Regardless, the next encounter after the animated objects will be a chase scene.  I am thinking a run through the factory, down (or up) some big wooden stairs along the outside of the building, possibly through some rooms that would pose a challenge like the bug room and the steam room, etc.. Give the party the opportunity to catch some of the fleeing thieves, but make sure at least one gets away by flight (perhaps they have natural wings, jump on board a flying creature, or perhaps they steal a flying contraption to make their escape).

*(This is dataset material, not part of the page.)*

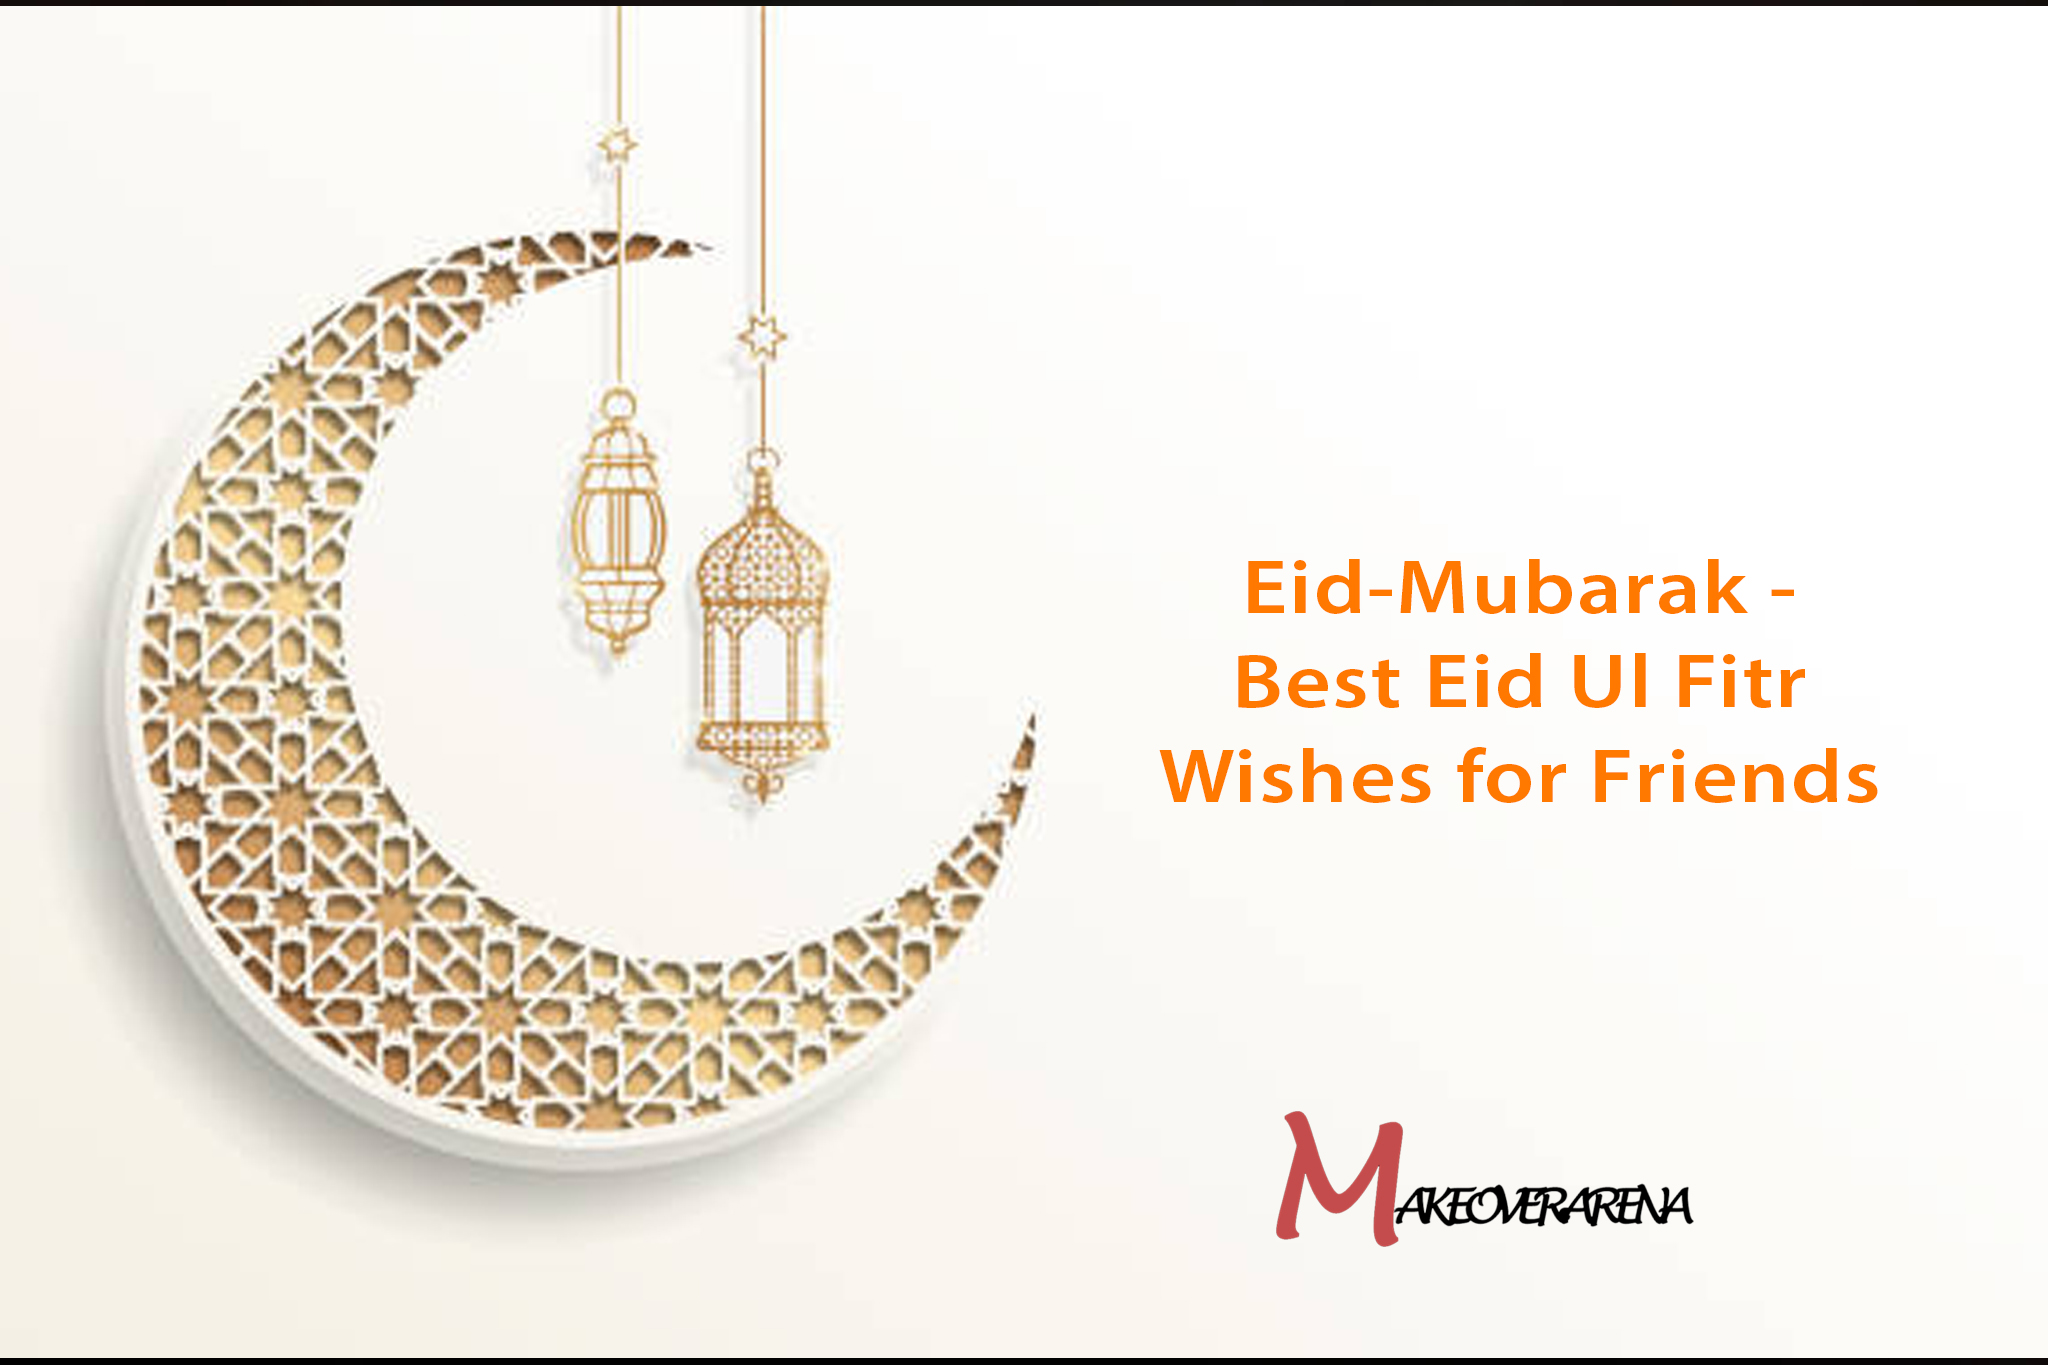 Eid-Mubarak - Best Eid Ul Fitr Wishes for Friends

At this point the Emporium owner will offer the party a generous reward if they are willing to pursue the thieves and retrieve his magic cloth.  He will loan the party his flying machine for the pursuit (and piloting the machine and chasing after the thieves will be the next encounter).

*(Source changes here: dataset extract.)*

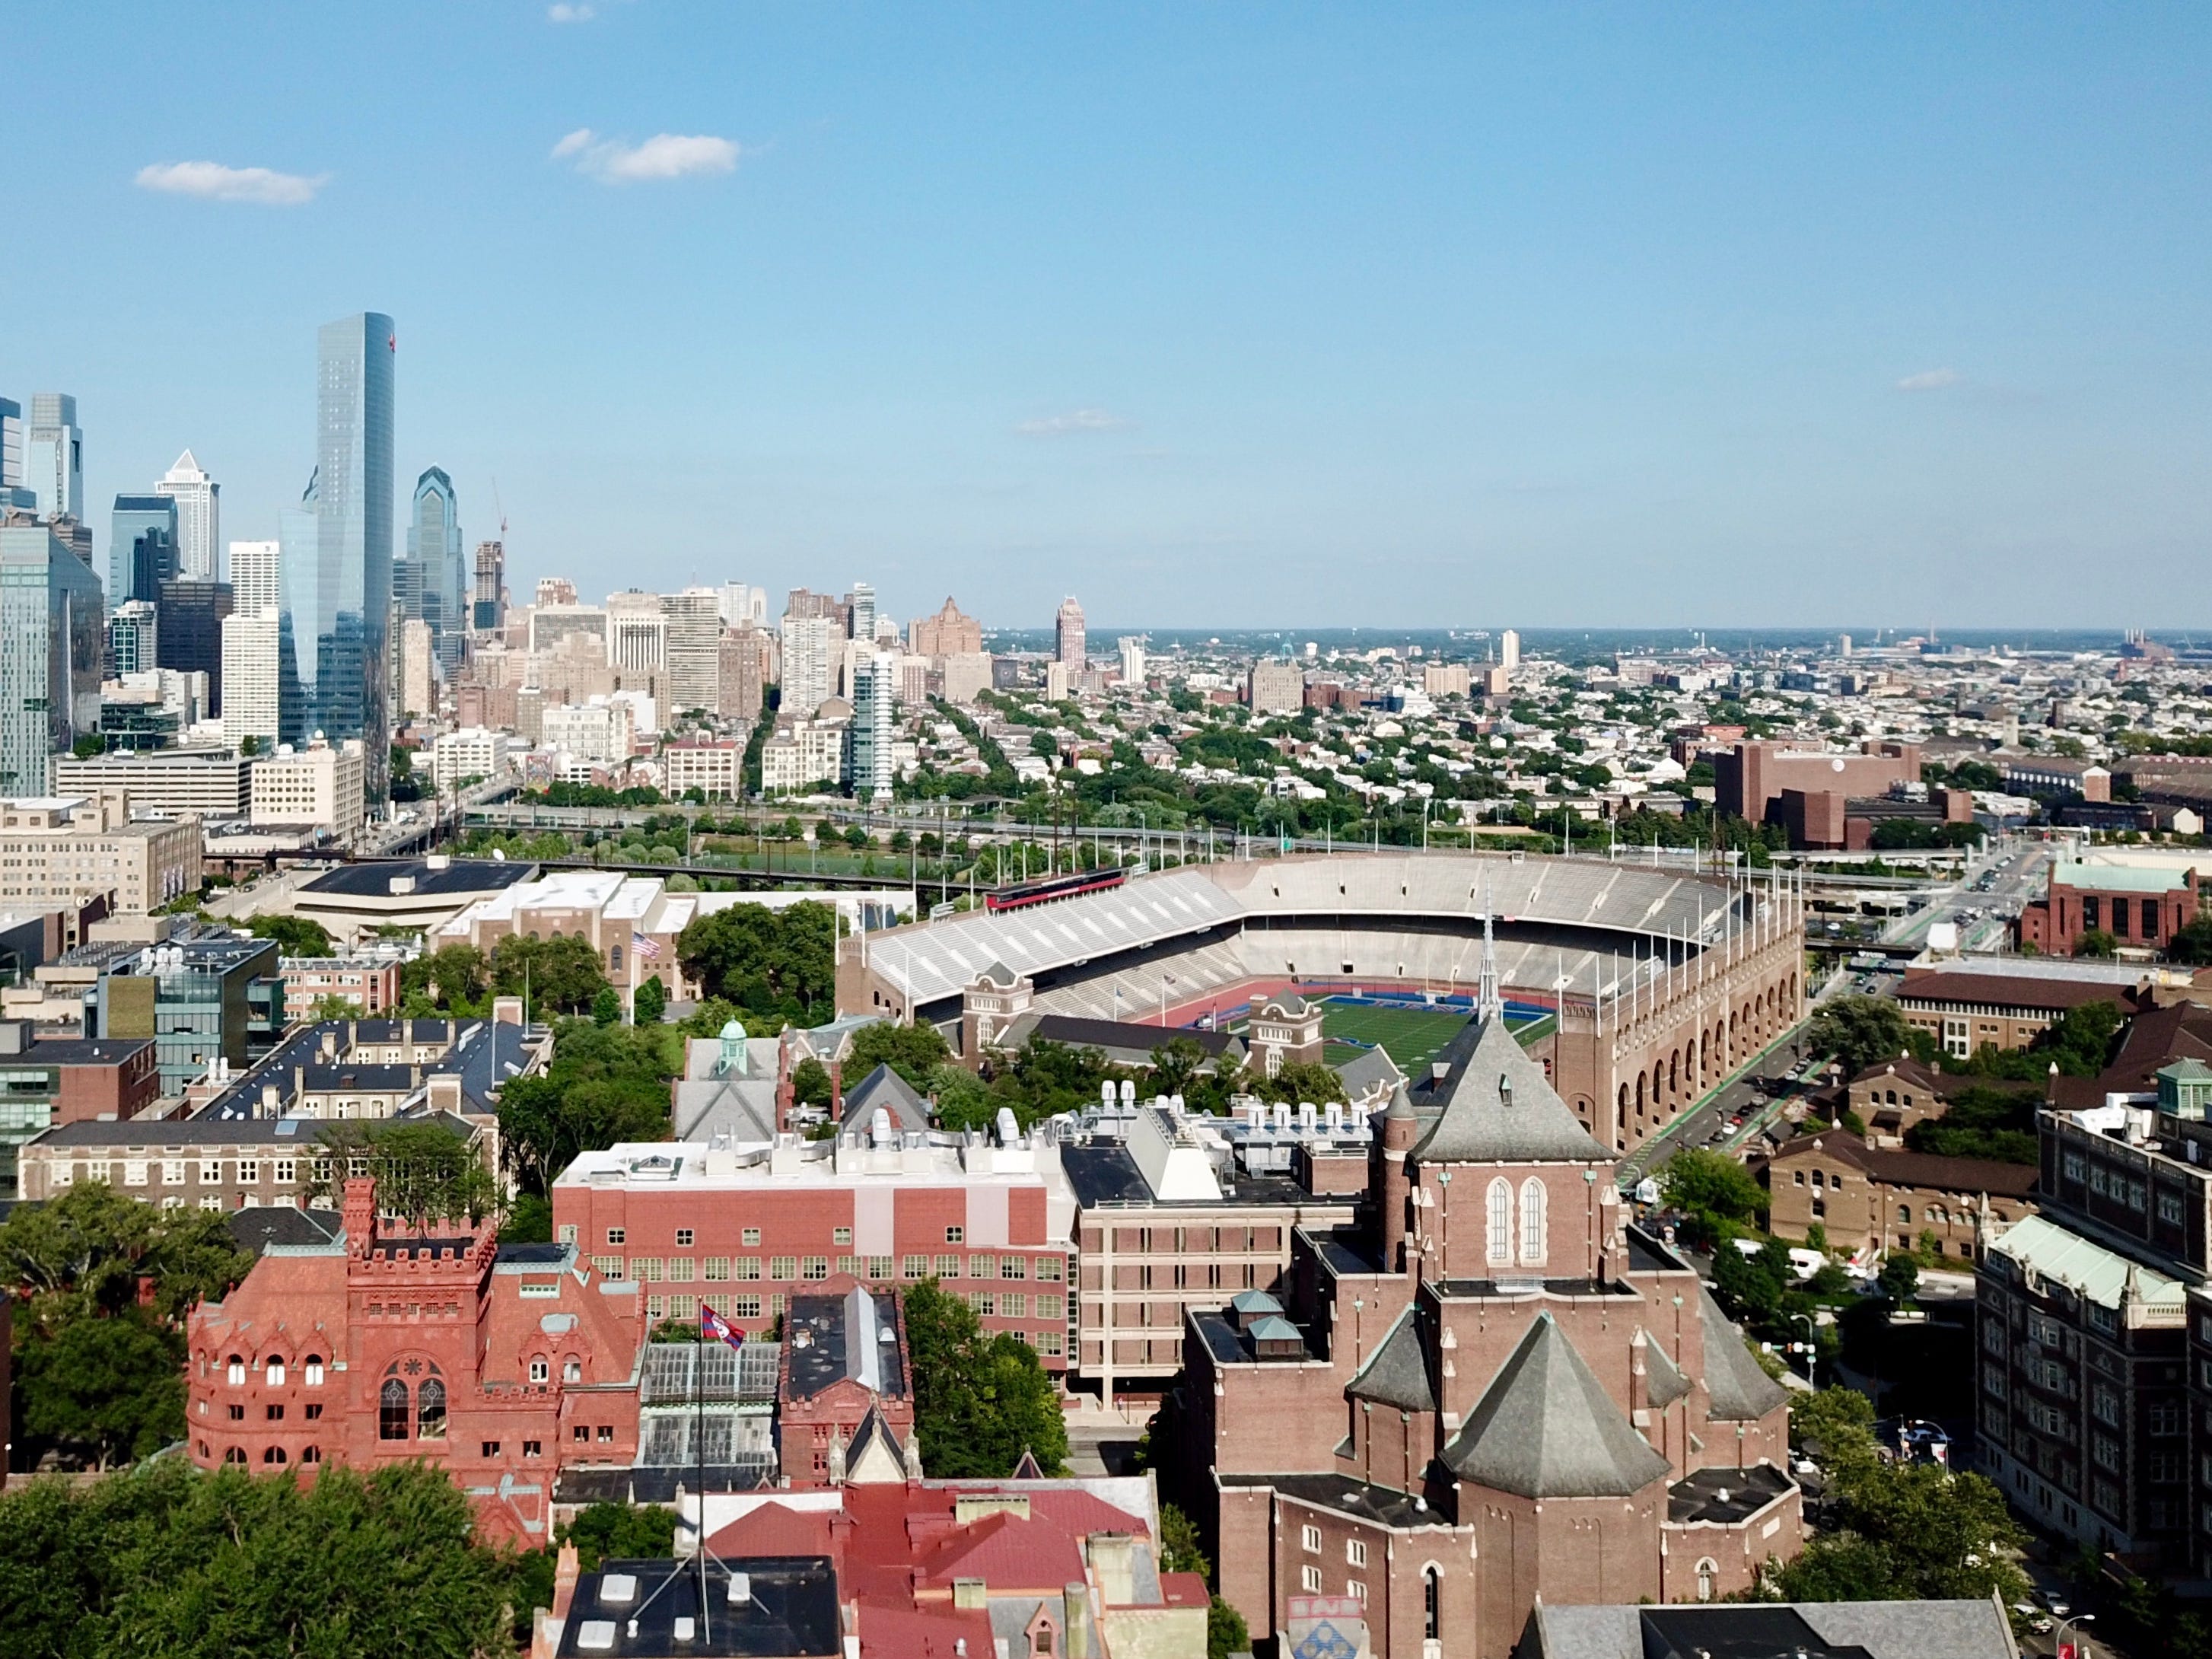 Blick auf die University of Pennsylvania mit der Skyline von Philadelphia dahinter.

I have a lot more after that, but it's outside the Emporium so not helpful for getting the players into that laundry room.

If someone can think of a way to work the laundry room encounter into that, cool.  However, the encounter cannot take so long that it lets the thieves get away completely - I need the party in hot pursuit so they can follow the thieves in the air.

In addition, if someone can think of a link to the laundry room encounter aside from the animated objects and chase scene (or the workers game), that would be great too!


----------



## Dracollich (Jul 13, 2008)

It sounds like you need a protagonist.  Here is a rough idea on how to get them into the laundry room.  

Have them meet a seemingly friendly enough fellow of the same age as they are.  If questioned, he lies and says he's a son of one of the managers.  He knows of a cool, secret room known only by those on the inside.  Make it so it appears he's trying to impress one or the whole group.  He leads them inside a closet and then remembers that he forgot to activate to door from the outside.  Which is when he runs out, closes the door, and pulls the lever which open the trap door in the "closet" which is actually the laundry shot.  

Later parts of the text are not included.